German military personnel

Hans Friedrich von Platen (21 January 1668 at his family's estate at Sagar on Ruegen, 17 May 1743 in Mohrungen, Prussia) was a Kingdom of Prussian general of the cavalry. While in service in the Prussian Army, he fought in the Great Turkish War, the War of Spanish Succession, and the Great Northern War. Both of his sons were Prussian generals; the youngest, Dubislav Friedrich von Platen, was a trusted and successful general of Frederick the Great.

==Family==
Hans Friedrich von Platen was a member of the Pomeranian noble family of Platen. His parents were Hans Friedrich von Platen and Maria Elisabeth von Münchow. His father was killed by a neighbor shortly before his birth.

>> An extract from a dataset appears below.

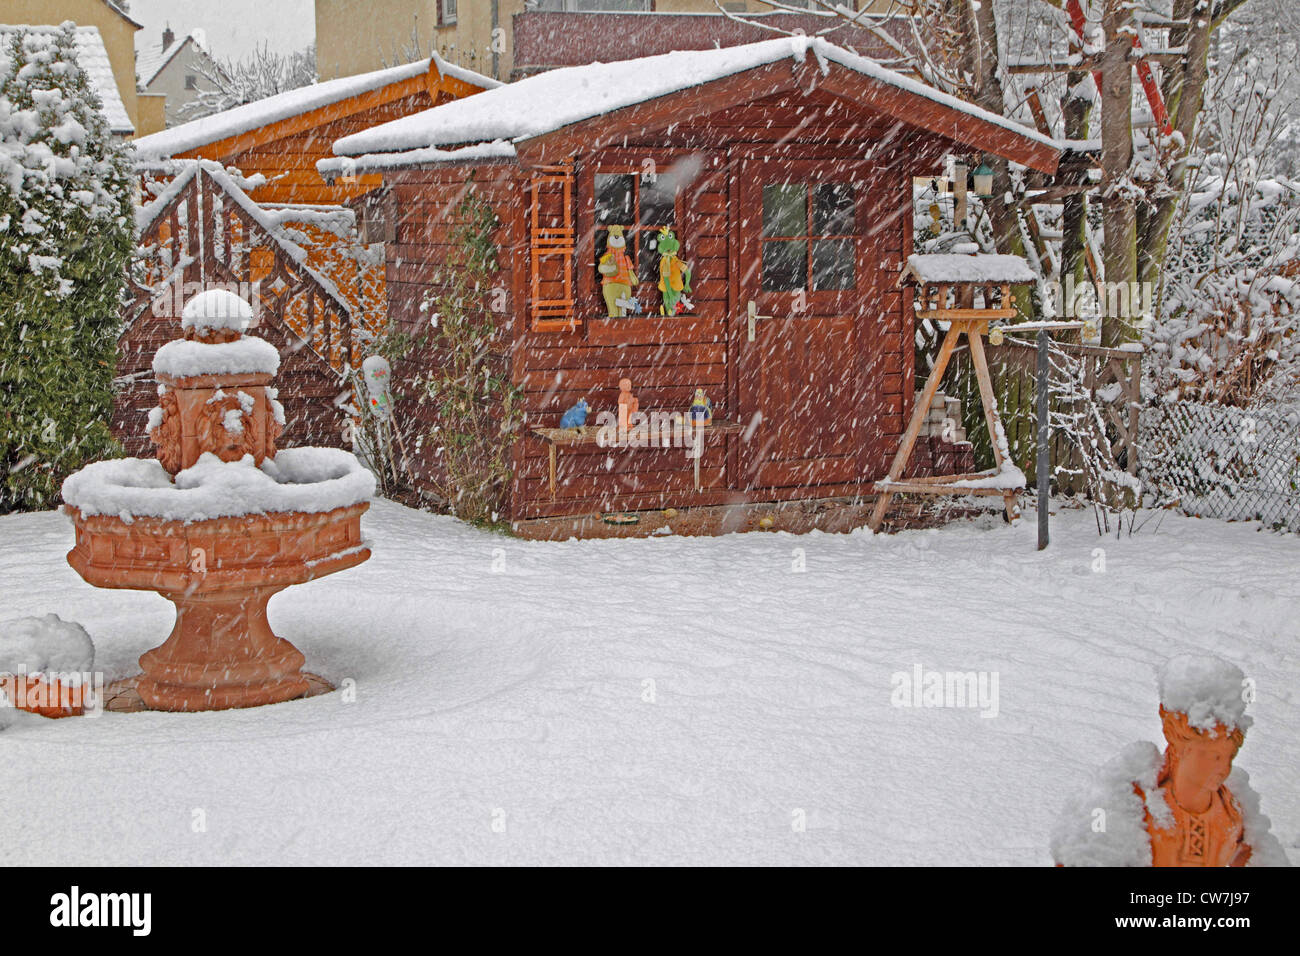 Le jardin couvert de neige avec maison d'été dans la neige, Allemagne Banque D'Images

He married Hypolita Juliane von Podewils. She was the daughter of the Brandenburg colonel Mathis Georg von Podewils. The pair had the following children:
- Dubislav Friedrich (23 August 1714-7 June 1787) ∞ Sophia Susanna Charlotte von Cocceji, daughter of the Prussian Minister Samuel von Cocceji.
- Leopold Johann (1726-11 December 1780) ∞ Dorothea von Eichstädt (1733–1795)
- Sophie Anna († 9 June 1755) ∞ 1743 Hans Sigismund von Zieten
- Johanna Friederike († 1745) ∞ 9 June 1740 Otto Friedrich Ludwig von Hirsch (1700–1780)

==Military career==
Hans Friedrich von Platen began his military career as a simple dragoon in the Brandenburg Life Dragoon regiment. With this unit, he fought in Hungary in 1686 during the Great Turkish War. In 1688 he joined the Dragoon Regiment No.3 (Derflinger), of which he was quartermaster. His conduct drew the attention of Colonel von Heiden and he was soon appointed an adjutant and cornet in 1691. He was released during the peacetime reduction in 1697.

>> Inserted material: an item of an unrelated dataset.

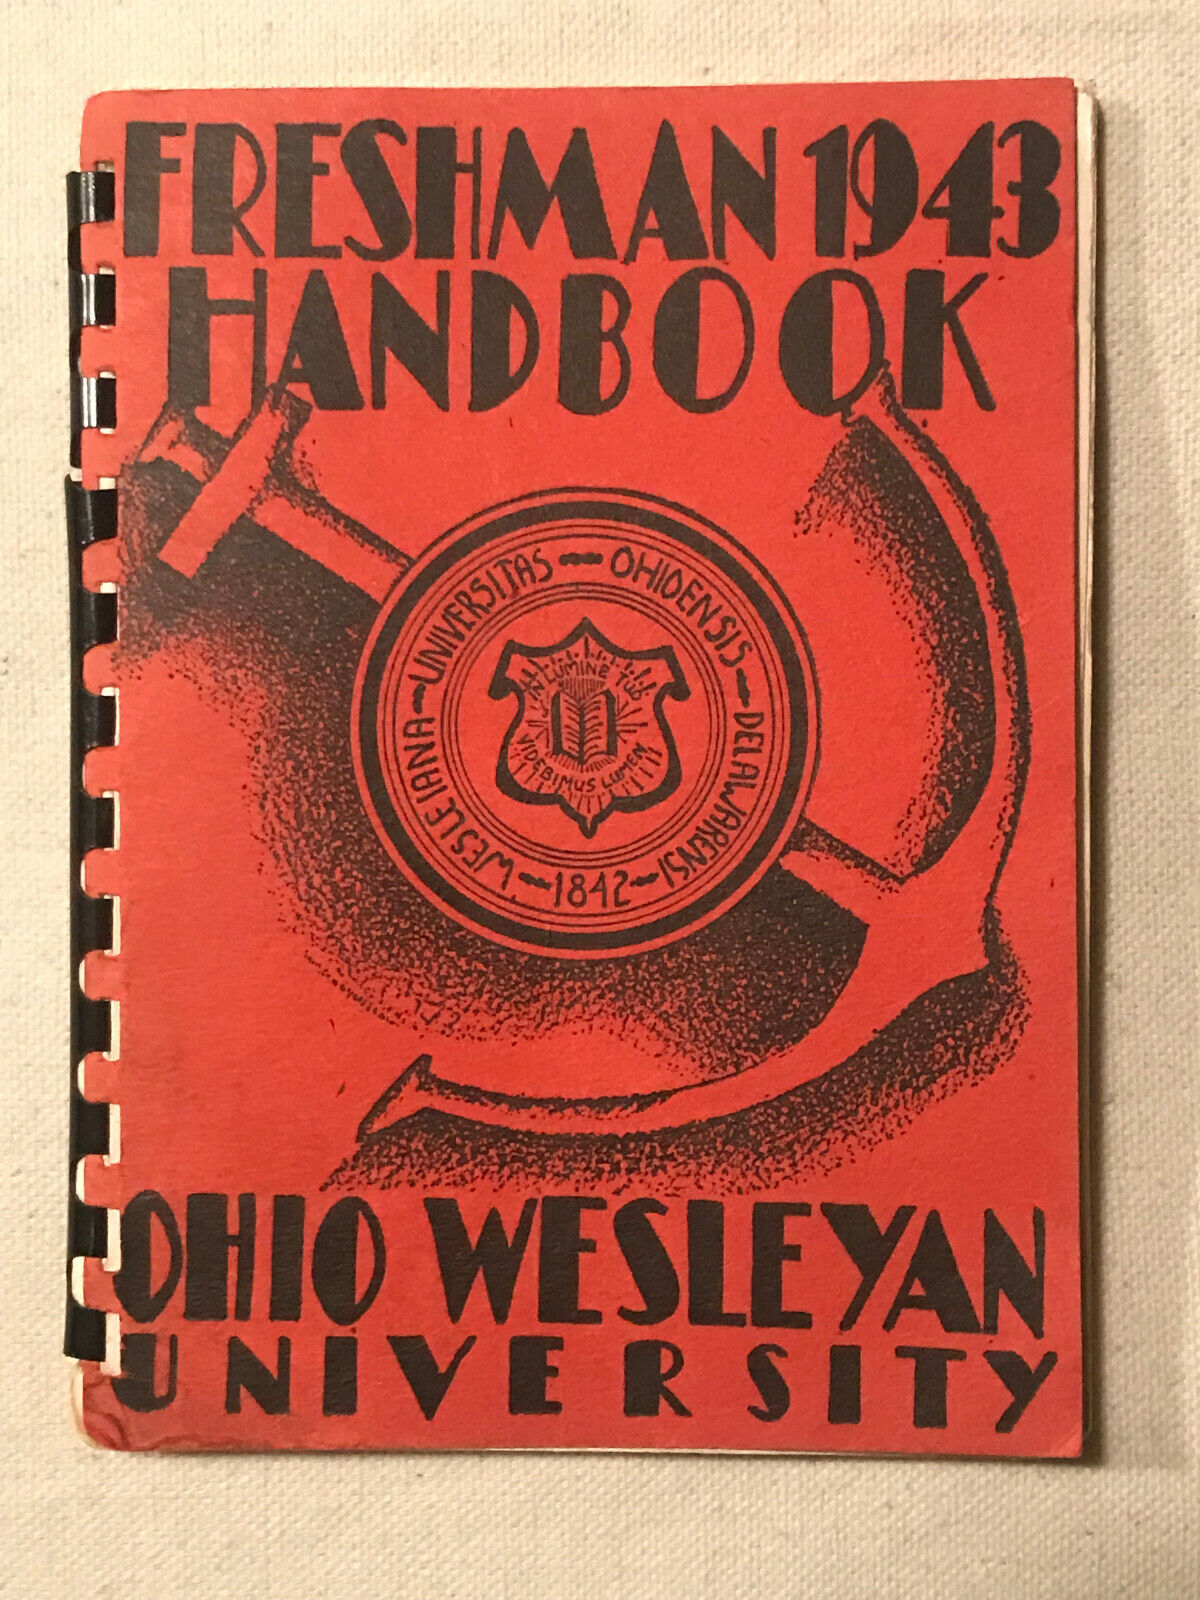 1943 Freshman Handbook Ohio Wesleyan University

===Action in the War of Spanish Succession===
Count Philip Wilhelm soon took him as a cornet to his regiment, and he fought as a second lieutenant in the War of Spanish Succession. He had been promoted to first lieutenant by the time of the sieges of Kaiserswerth and Venlo. From 1702 he became general adjutant of Dubislav Gneomar von Natzmer. With Natzmer's help, Platen became a deputy in the Gensdarmes' regiment. In 1703 he was involved in the siege of Bonn. He was captured at the Battle of Höchstädt (1704), when the French army under Claude Louis Hector de Villars defeated the imperial armies; he was soon exchanged.

In 1705 Platen fought on the Upper Rhine and in 1706 on the Lower Rhine. In 1707 he was promoted to major and fought the following year in the Battle of Oudenaarde. He participated in the conquests of Lille and Ghent as well as in Mons. In 1709 he fought in the decisive Battle of Malplaquet. There, he impressed Frederick William, then the Prussian crown prince, who introduced him to the king and rewarded him with estates at Putzermin and half of Fritzow. Platen fought in 1710 at Douay, Bethune, and Aire and, in 1711, at Bouchain. He remained in Holland until the Peace of Utrecht.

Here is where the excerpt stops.